**Task requirements**: Your answer should consist of the lines below that hold the word "thumbnail".

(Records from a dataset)

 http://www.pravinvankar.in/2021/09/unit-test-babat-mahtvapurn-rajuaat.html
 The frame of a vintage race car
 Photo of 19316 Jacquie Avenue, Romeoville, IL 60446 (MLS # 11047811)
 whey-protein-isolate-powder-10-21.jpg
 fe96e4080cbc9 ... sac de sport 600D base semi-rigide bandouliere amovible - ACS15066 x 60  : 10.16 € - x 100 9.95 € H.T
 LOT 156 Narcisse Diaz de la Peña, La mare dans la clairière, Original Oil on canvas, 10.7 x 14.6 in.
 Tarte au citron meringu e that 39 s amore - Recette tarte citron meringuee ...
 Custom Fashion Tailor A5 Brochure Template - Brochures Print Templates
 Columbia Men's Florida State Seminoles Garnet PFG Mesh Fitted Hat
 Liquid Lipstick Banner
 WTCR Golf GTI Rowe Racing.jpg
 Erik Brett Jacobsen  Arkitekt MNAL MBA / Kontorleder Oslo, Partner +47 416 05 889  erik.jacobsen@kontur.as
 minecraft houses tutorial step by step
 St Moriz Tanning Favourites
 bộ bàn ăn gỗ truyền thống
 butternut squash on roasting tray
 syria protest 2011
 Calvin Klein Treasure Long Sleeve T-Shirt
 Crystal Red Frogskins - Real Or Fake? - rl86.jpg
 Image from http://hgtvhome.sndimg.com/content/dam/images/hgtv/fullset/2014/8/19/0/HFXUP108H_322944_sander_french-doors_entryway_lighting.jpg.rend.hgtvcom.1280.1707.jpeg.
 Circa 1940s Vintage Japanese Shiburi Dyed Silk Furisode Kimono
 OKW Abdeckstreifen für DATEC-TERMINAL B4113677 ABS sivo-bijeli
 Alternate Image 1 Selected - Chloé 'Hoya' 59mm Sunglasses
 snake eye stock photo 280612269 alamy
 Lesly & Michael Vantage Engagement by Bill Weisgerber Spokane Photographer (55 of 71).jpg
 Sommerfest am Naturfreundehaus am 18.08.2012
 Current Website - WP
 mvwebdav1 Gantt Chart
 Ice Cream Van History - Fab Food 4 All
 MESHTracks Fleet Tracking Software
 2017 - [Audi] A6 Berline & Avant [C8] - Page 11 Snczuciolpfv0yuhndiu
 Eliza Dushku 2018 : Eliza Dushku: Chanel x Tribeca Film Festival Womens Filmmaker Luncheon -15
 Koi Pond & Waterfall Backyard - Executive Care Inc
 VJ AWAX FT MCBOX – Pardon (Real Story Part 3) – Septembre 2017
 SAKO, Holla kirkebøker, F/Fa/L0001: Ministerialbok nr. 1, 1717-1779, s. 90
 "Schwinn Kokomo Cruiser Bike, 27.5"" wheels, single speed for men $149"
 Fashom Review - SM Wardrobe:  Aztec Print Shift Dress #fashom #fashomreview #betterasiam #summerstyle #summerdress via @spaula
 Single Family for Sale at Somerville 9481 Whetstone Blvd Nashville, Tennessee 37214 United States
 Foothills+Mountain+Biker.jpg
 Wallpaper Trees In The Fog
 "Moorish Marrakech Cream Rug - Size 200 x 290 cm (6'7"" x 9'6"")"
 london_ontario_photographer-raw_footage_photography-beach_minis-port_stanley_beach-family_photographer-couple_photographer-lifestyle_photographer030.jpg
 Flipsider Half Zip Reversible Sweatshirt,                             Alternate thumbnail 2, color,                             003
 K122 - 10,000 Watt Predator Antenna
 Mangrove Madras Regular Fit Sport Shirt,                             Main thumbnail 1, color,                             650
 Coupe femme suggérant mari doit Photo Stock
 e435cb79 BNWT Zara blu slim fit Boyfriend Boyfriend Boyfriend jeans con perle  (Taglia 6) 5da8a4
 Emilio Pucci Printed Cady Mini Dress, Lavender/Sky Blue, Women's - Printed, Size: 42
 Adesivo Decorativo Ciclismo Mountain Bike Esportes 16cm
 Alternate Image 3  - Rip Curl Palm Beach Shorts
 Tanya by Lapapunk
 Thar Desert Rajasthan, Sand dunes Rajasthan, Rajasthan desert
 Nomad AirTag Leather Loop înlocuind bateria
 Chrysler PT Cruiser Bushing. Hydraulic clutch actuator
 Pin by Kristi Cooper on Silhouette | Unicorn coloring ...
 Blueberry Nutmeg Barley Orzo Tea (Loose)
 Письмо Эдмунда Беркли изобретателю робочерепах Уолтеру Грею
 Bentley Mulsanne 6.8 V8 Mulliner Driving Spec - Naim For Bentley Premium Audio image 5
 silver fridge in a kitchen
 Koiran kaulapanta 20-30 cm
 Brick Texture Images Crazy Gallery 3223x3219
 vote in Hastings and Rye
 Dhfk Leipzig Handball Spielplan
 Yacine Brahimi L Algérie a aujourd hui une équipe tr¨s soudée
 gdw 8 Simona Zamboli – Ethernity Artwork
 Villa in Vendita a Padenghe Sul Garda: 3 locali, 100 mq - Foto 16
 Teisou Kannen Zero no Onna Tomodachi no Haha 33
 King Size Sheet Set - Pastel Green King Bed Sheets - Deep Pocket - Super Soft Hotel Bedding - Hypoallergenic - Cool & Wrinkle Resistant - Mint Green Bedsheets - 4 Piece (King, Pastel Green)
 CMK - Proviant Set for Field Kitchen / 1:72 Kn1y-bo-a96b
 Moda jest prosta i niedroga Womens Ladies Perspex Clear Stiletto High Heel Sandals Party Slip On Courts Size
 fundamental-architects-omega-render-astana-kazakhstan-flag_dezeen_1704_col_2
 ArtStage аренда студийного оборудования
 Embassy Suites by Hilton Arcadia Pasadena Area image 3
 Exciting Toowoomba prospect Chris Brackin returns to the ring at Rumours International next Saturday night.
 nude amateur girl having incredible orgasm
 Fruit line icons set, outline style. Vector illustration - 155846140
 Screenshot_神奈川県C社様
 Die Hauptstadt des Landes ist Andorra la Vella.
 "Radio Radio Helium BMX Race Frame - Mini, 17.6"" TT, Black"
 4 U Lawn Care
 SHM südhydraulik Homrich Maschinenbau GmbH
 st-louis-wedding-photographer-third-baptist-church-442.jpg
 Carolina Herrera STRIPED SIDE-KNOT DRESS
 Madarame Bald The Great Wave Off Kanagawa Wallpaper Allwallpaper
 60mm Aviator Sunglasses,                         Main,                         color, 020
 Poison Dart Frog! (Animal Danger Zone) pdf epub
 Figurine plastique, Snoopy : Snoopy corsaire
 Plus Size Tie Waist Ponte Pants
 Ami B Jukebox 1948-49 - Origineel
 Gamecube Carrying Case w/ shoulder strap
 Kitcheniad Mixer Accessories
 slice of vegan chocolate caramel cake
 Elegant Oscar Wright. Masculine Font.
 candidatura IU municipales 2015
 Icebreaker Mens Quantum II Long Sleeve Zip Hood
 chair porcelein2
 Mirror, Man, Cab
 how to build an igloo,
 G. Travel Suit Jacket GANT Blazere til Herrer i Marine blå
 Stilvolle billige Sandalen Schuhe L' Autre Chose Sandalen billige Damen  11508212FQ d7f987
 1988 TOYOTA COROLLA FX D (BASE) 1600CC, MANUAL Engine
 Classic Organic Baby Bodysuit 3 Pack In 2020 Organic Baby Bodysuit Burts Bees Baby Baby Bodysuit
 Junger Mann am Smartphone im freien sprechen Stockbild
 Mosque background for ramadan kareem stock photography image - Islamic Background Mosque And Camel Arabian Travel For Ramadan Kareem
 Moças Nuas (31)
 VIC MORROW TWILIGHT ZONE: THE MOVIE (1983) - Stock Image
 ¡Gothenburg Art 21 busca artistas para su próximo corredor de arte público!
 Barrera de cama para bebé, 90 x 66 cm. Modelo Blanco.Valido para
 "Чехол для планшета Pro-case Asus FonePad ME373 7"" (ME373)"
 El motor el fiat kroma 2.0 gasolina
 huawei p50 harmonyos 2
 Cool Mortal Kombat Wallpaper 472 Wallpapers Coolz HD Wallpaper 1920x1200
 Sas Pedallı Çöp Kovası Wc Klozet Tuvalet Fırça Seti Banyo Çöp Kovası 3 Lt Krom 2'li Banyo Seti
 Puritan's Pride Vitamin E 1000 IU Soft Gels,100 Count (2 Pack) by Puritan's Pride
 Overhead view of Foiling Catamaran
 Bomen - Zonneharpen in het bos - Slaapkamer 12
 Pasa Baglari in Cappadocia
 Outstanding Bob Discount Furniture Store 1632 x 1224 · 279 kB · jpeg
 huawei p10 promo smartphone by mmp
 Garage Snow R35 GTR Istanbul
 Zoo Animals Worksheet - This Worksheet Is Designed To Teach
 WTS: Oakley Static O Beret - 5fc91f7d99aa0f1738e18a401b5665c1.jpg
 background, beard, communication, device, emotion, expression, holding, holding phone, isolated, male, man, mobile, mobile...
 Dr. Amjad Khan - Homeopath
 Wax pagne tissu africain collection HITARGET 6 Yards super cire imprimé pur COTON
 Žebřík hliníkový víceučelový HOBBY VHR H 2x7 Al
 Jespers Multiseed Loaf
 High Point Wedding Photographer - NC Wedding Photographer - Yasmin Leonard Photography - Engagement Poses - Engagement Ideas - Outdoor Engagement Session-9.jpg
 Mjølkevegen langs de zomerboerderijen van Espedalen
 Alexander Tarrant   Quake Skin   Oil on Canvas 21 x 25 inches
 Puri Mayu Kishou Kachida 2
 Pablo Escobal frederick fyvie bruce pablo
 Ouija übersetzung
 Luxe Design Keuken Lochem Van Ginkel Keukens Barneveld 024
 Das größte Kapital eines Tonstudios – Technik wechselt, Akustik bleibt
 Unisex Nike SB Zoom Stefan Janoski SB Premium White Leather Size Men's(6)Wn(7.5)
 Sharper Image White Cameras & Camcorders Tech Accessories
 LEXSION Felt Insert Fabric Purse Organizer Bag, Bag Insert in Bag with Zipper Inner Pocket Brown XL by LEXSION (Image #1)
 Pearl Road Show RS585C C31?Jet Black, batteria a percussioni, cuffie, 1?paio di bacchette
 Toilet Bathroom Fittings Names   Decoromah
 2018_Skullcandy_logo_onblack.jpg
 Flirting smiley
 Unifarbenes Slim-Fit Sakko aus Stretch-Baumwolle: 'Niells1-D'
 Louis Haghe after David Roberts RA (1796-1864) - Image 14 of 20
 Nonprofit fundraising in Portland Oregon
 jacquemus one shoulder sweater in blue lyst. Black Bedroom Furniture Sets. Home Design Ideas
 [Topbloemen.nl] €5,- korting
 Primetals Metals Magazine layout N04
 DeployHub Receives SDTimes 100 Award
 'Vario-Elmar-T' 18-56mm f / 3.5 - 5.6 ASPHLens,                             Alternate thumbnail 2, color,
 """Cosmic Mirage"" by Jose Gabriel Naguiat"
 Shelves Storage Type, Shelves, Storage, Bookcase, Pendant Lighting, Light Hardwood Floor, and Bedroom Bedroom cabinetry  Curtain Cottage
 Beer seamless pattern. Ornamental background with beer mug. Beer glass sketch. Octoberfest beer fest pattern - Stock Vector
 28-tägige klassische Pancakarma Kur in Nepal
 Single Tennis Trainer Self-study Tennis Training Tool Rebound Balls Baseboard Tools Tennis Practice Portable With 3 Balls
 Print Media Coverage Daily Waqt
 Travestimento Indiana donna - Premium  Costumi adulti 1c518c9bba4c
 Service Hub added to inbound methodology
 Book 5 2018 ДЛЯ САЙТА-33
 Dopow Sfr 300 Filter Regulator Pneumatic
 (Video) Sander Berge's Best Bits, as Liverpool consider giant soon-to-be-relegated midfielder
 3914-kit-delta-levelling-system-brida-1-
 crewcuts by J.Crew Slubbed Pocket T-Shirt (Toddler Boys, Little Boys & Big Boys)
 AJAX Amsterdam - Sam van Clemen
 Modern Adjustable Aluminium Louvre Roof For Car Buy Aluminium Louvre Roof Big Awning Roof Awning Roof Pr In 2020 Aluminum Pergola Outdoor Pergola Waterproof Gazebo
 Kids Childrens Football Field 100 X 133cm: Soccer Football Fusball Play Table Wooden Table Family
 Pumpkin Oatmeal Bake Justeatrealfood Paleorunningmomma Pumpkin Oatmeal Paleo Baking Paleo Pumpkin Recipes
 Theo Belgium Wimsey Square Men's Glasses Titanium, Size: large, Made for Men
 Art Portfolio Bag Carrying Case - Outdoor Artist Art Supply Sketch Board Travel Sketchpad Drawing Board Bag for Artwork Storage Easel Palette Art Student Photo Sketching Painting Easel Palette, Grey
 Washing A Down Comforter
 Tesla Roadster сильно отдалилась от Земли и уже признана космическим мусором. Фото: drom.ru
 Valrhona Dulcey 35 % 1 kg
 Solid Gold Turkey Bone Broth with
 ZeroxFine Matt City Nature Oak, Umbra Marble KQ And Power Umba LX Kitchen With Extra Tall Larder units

**Output below**:
 Flipsider Half Zip Reversible Sweatshirt,                             Alternate thumbnail 2, color,                             003
 Mangrove Madras Regular Fit Sport Shirt,                             Main thumbnail 1, color,                             650
 'Vario-Elmar-T' 18-56mm f / 3.5 - 5.6 ASPHLens,                             Alternate thumbnail 2, color,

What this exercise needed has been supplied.